Regardless, to remedy the issue on the Ubuntu machine which was going to perform the training, I tried to add gradient clipping to the model as follows:

def train(model, loader, criterion, optimizer, scheduler, device, clip=None, summary=None):
    loss_avg = RunningAverage()
    acc_avg = RunningAverage()

    model.train()

    with tqdm(total=len(loader)) as t:
        for i, (frames, label_map, centers, _) in enumerate(loader):
            frames, label_map, centers = frames.to(device), label_map.to(device), centers.to(device)

            outputs = model(frames, centers)
            loss = criterion(outputs, label_map)
            acc = accuracy(outputs, label_map)

            optimizer.zero_grad()
            loss.backward()
            if clip is not None:
                utils.clip_grad_norm_(model.parameters(), clip)
            optimizer.step()
            scheduler.step()

            loss_avg.update(loss.item())
            acc_avg.update(acc)

            if summary is not None:
                summary.add_scalar_value('Train Accuracy', acc)
                summary.add_scalar_value('Train Loss', loss.item())

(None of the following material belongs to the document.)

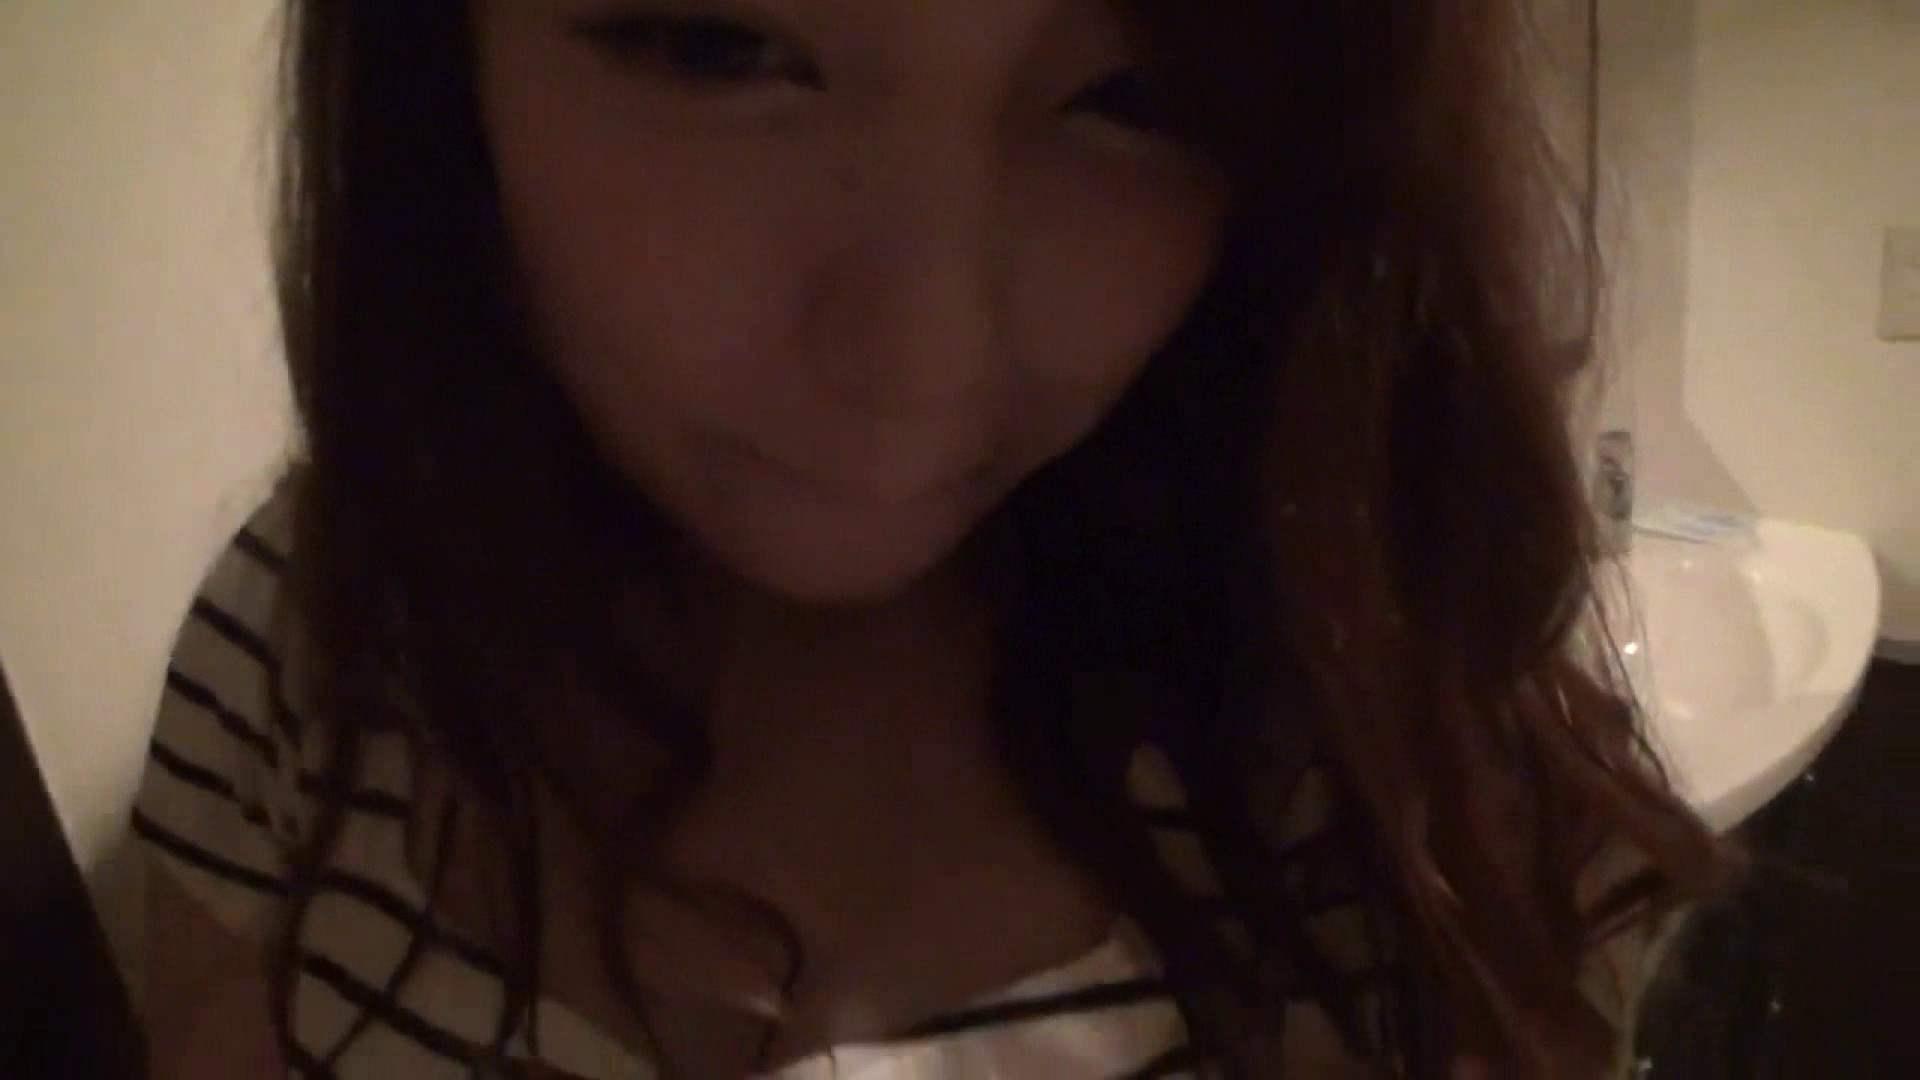 おしえてギャル子のH塾 Vol.37前編 エッチな人妻 | おっぱい特集  104pic 15

            t.set_postfix(loss='{:05.3f}'.format(loss.item()), acc='{:05.3f}%'.format(acc * 100),
                          loss_avg='{:05.3f}'.format(loss_avg()), acc_avg='{:05.3f}%'.format(acc_avg() * 100))
            t.update()

        return loss_avg(), acc_avg()

I then tried to train the model with clip values of 100, 10, 1, 0.25, 0.1, 0.01, all the way down to 0.000001 and ran into the exact same output. I verified that the clip_norm function was being called by placing a print statement within that if statement. I then inspected model.named_parameters to verify that all the correct layers were included (which they were).

Any ideas as to (1) what’s causing the training to proceed fine on the Mac but the gradients to explode on the Ubuntu machine, (2) why the accuracy also decreases by a large amount on the Mac, and (3) why gradient clipping isn’t mitigating the issue?